### [Directions]
Go through the listing below and retype exactly the lines starting at the one with "tokyo gas logo 3 - Tokyo Gas Logo" and ending at the one with "Miss Selfridge Women", skipping pictures.

### [Dataset records]
----------------
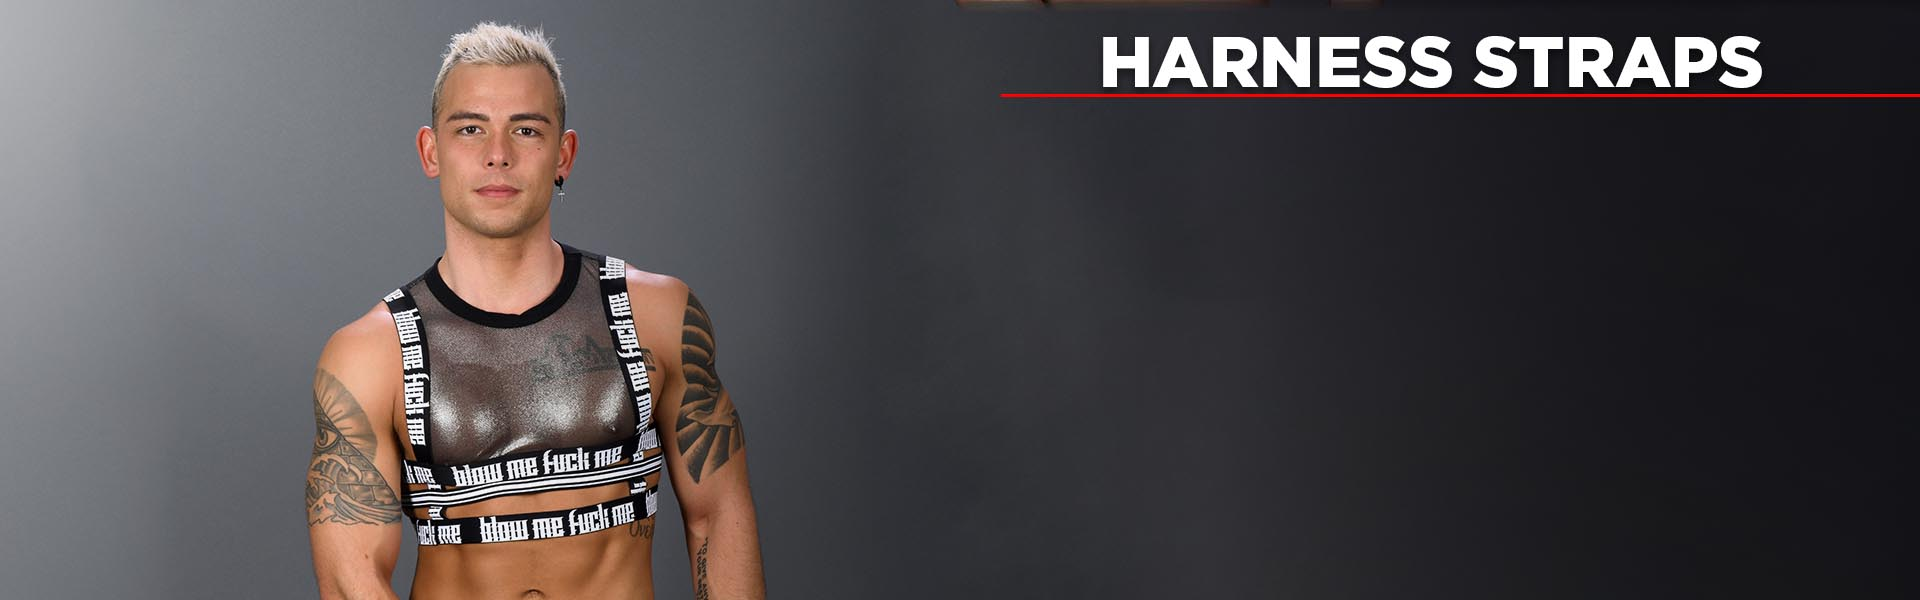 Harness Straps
----------------
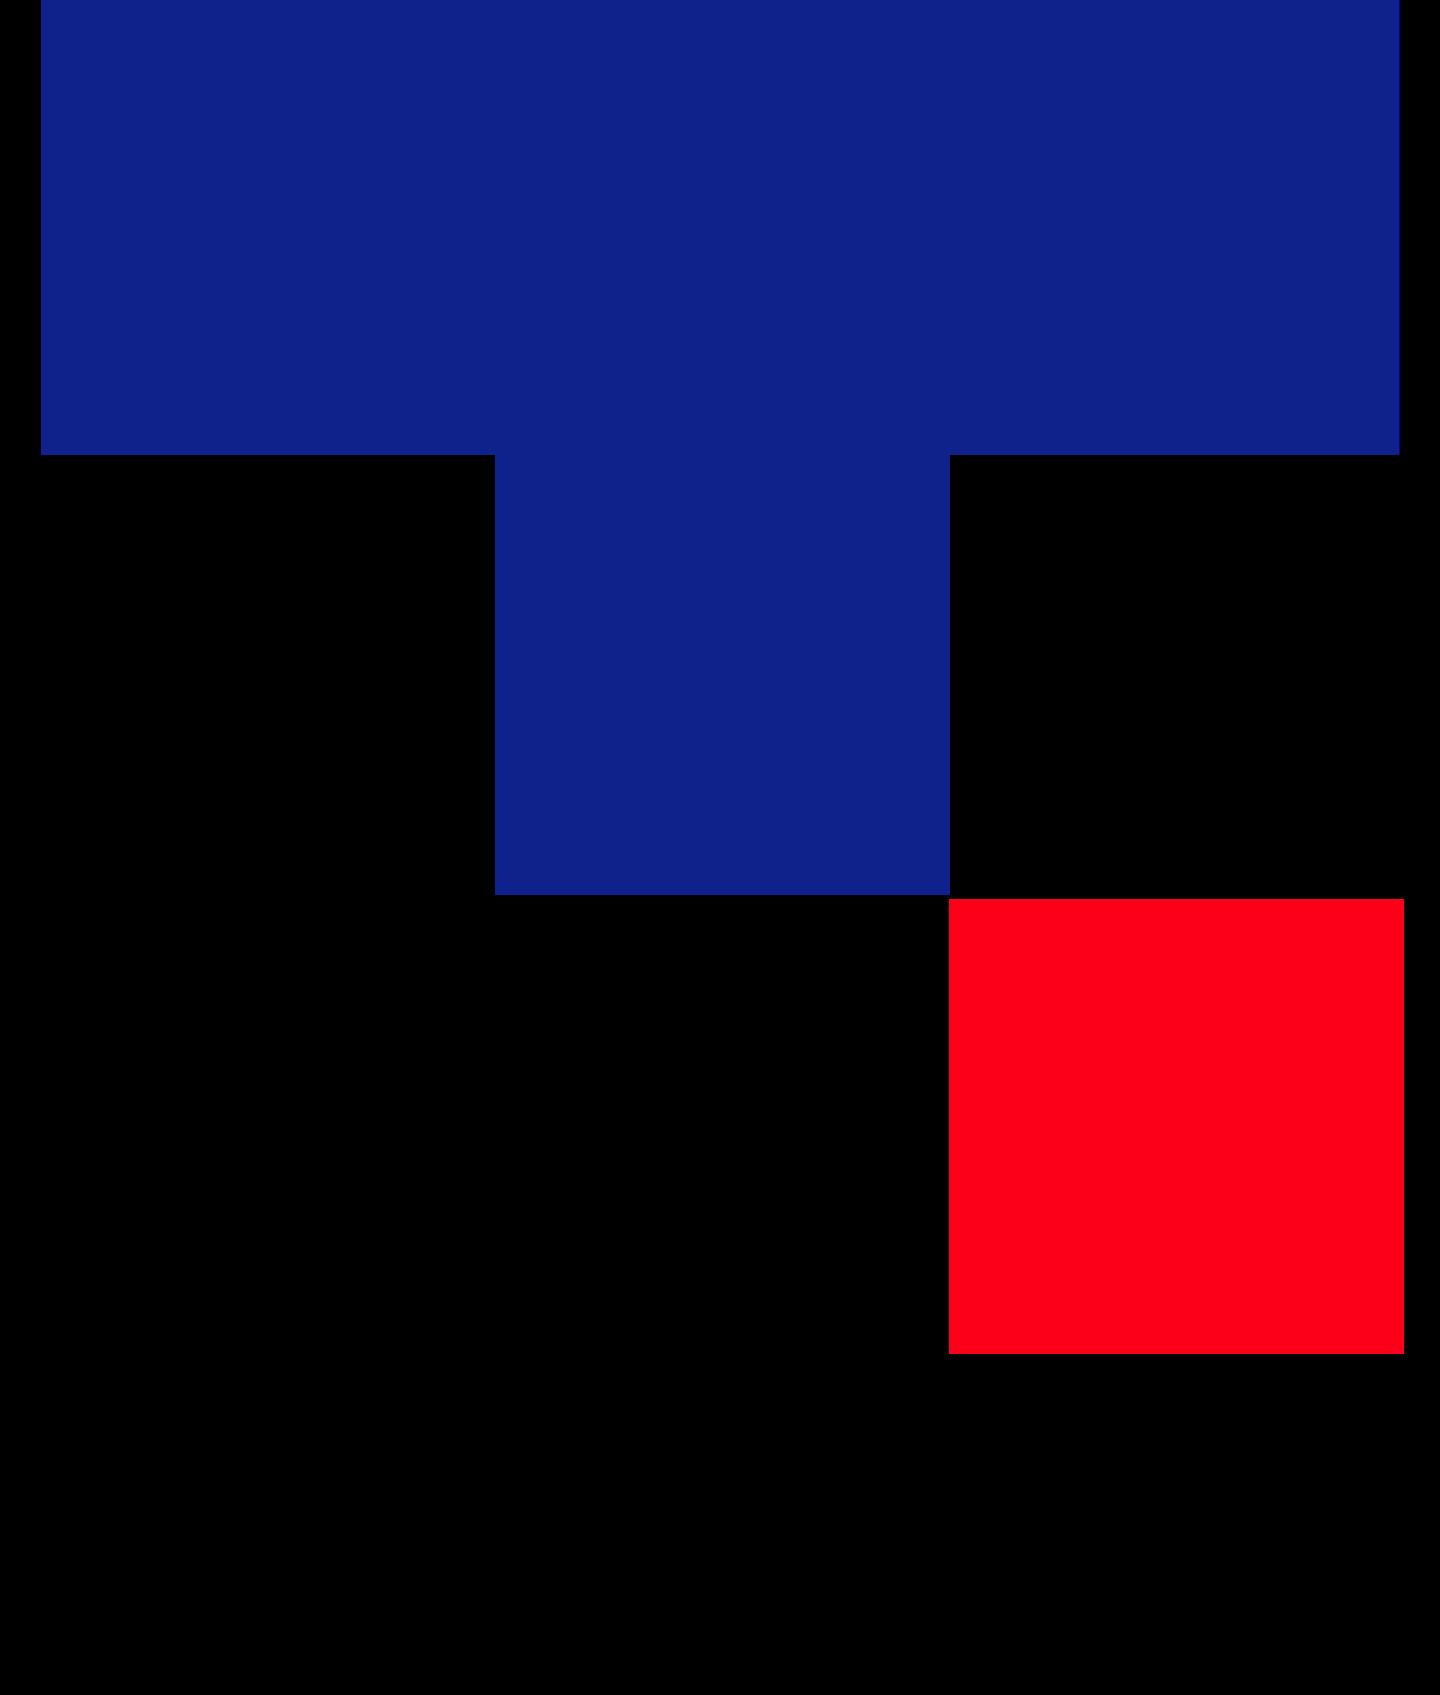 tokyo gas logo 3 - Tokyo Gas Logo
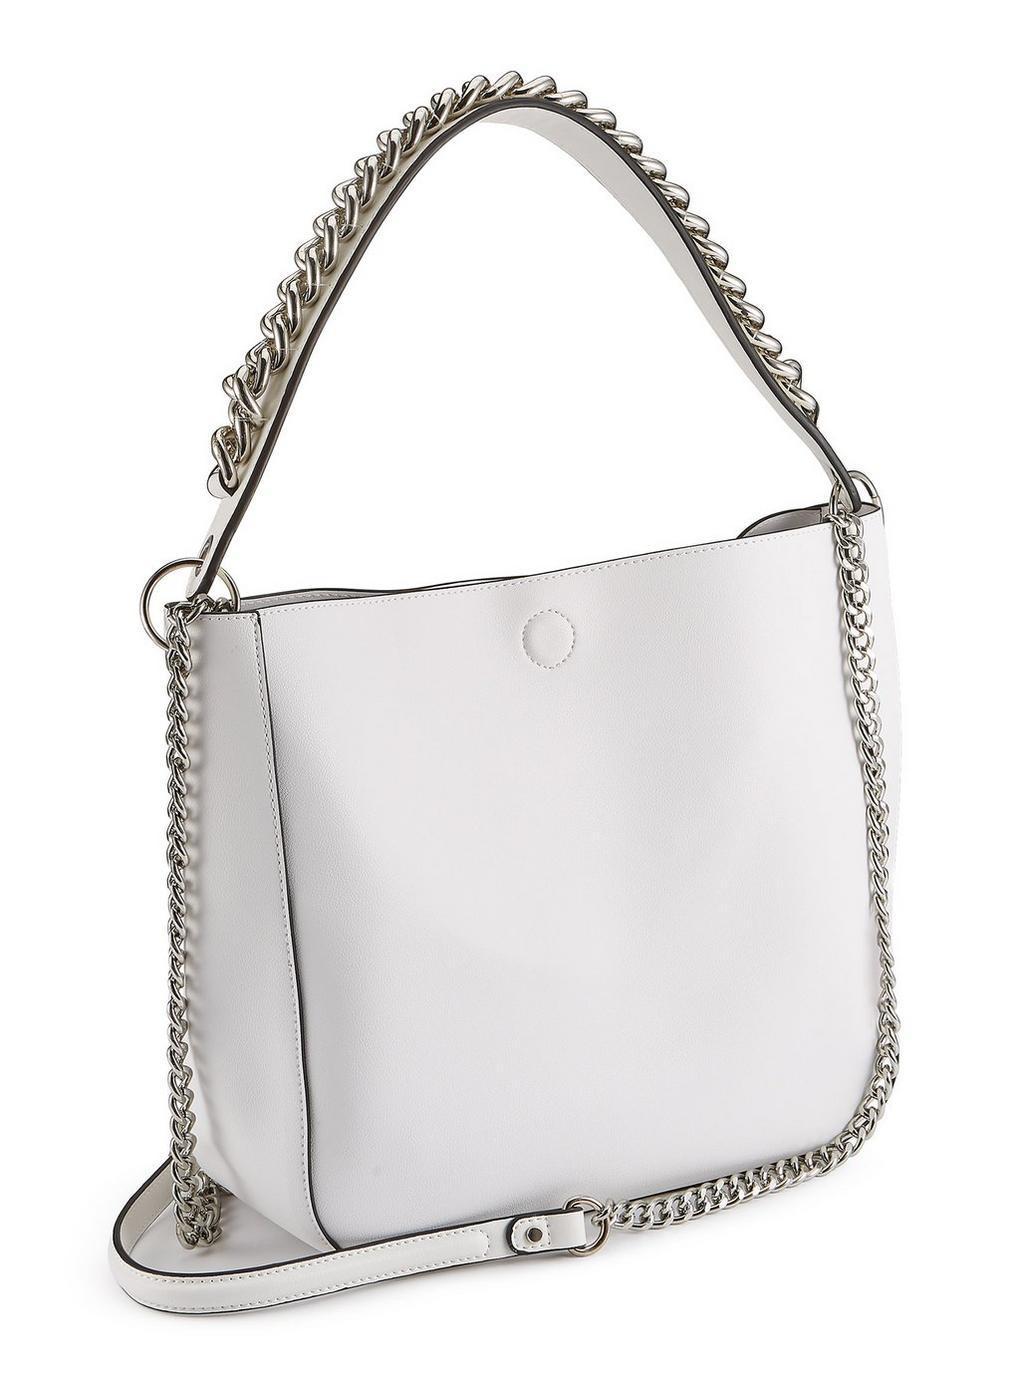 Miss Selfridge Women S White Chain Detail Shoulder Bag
----------------
### [Task solution]
 tokyo gas logo 3 - Tokyo Gas Logo
 Miss Selfridge Women S White Chain Detail Shoulder Bag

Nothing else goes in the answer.